Medieval Old Town Regensburg is filled with captivating 13th and 14th century homes and churches.
Regensburg, Germany lies at the northern tip of the Danube River where the Danube meets up with the River Regen. By train Regensburg is an hour and half northeast of Munich or an hour southeast of Nuremberg.
Evidence of stone age inhabitants has been found here but it was the early Celtics that named their settlement Radasbona. Around 90 CE a Roman fort was built in one the modern-day suburbs of Regensburg and in 179 CE, during the reign of Emperor Marcus Aurelius, the Romans built a second larger fortress they named Castra Regina. By the 6th century Castra Regina was known as Reganespurc and from 530 to the first half of the 13th century, it was Bavaria’s first capital city.

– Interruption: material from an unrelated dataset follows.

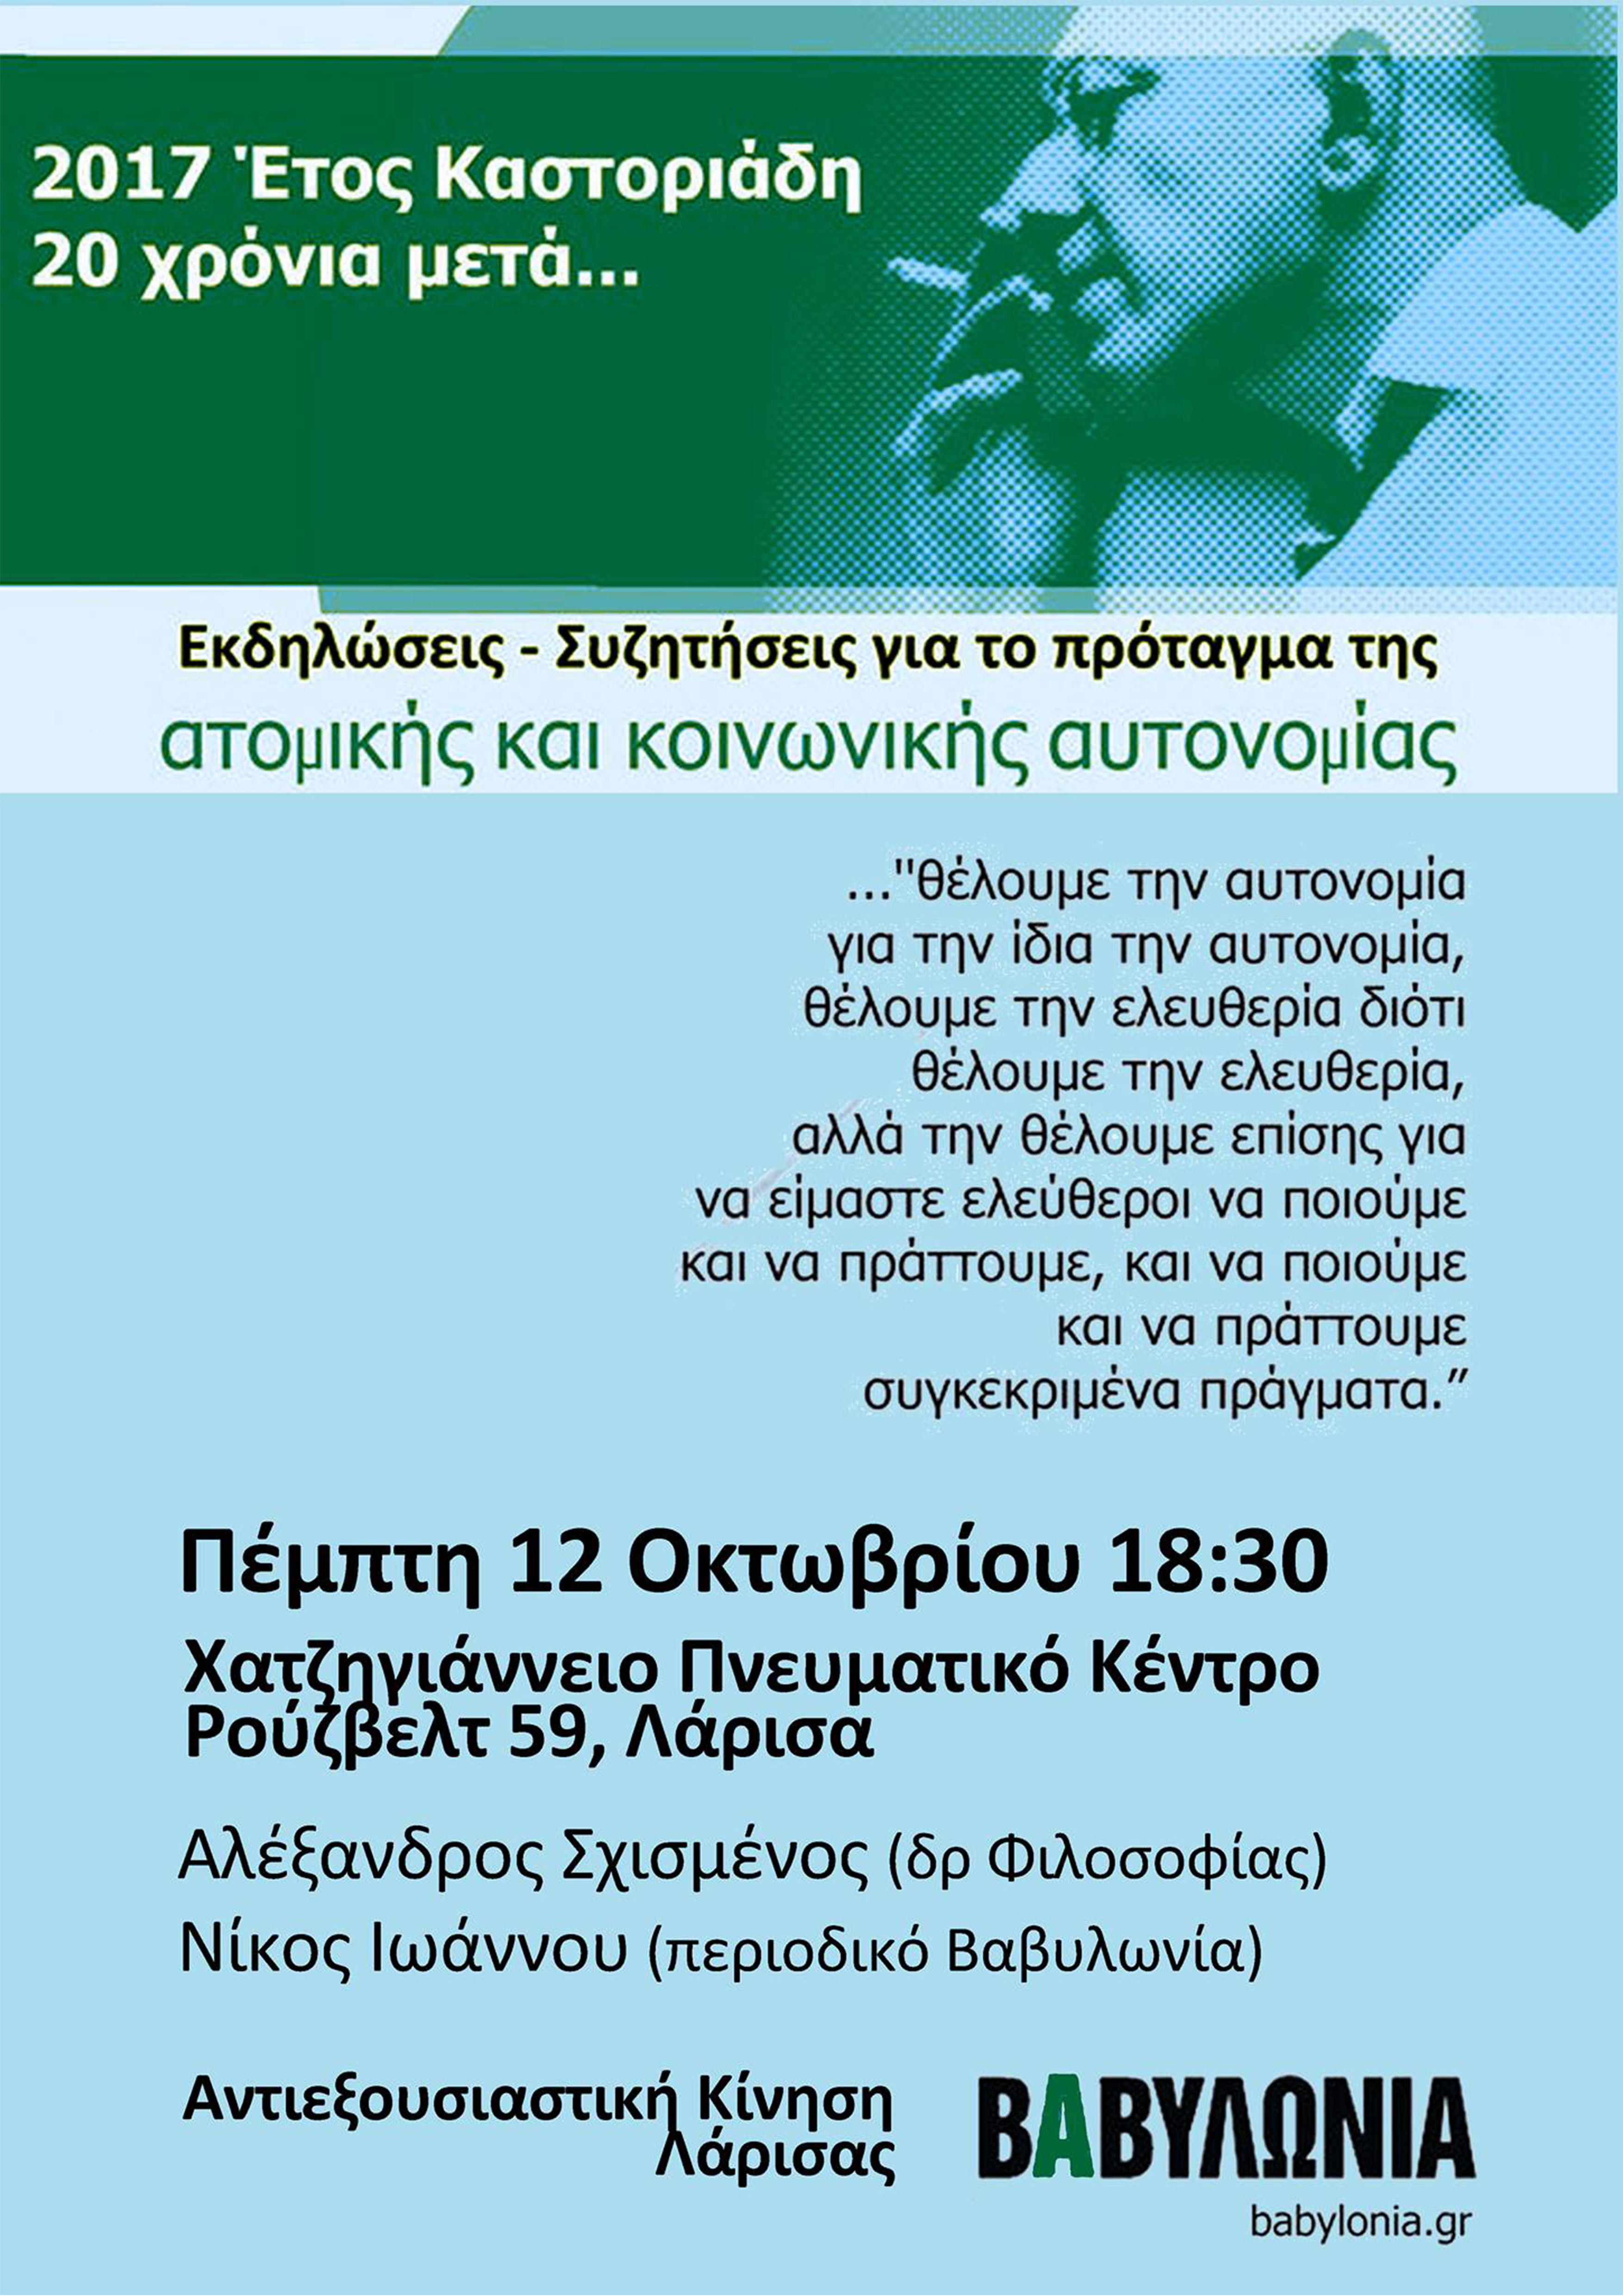 Eκδήλωση της Αντιεξουσιαστικής Κίνησης Λάρισας για το έτος Καστοριάδη

By the 12th and 13th centuries, Regensburg was one of the wealthiest cities, with trade flourishing as far as Paris, Venice and Kiev in the Ukraine. In 1245 the Holy Roman Empire named Regensburg as a Free Imperial City. Under the rule of the Holy Roman Empire, from 1663 to 1806, it hosted the “Perpetual Imperial Diet.” The Imperial Diet was the governmental body of the Holy Roman Empire although members used it as much to negotiate as to legislate. Regensburg would remain an Imperial City until 1803 and the city was the site of the dissolution of the Holy Roman Empire in 1806.
As one of the largest medieval old towns north of the Alps, its well-preserved architecture and the city’s historical importance for Diet’s or assemblies during the Holy Roman Empire, in 2006 Regensburg’s Old Town was listed as a UNESCO World Heritage Site.
Pope Emeritus Benedict XVI, who served as the head of the church from 2005 until his resignation in 2013 lived and worked in Regensburg. He was a Professor of Theology at the University of Regensburg from 1969 to 1977.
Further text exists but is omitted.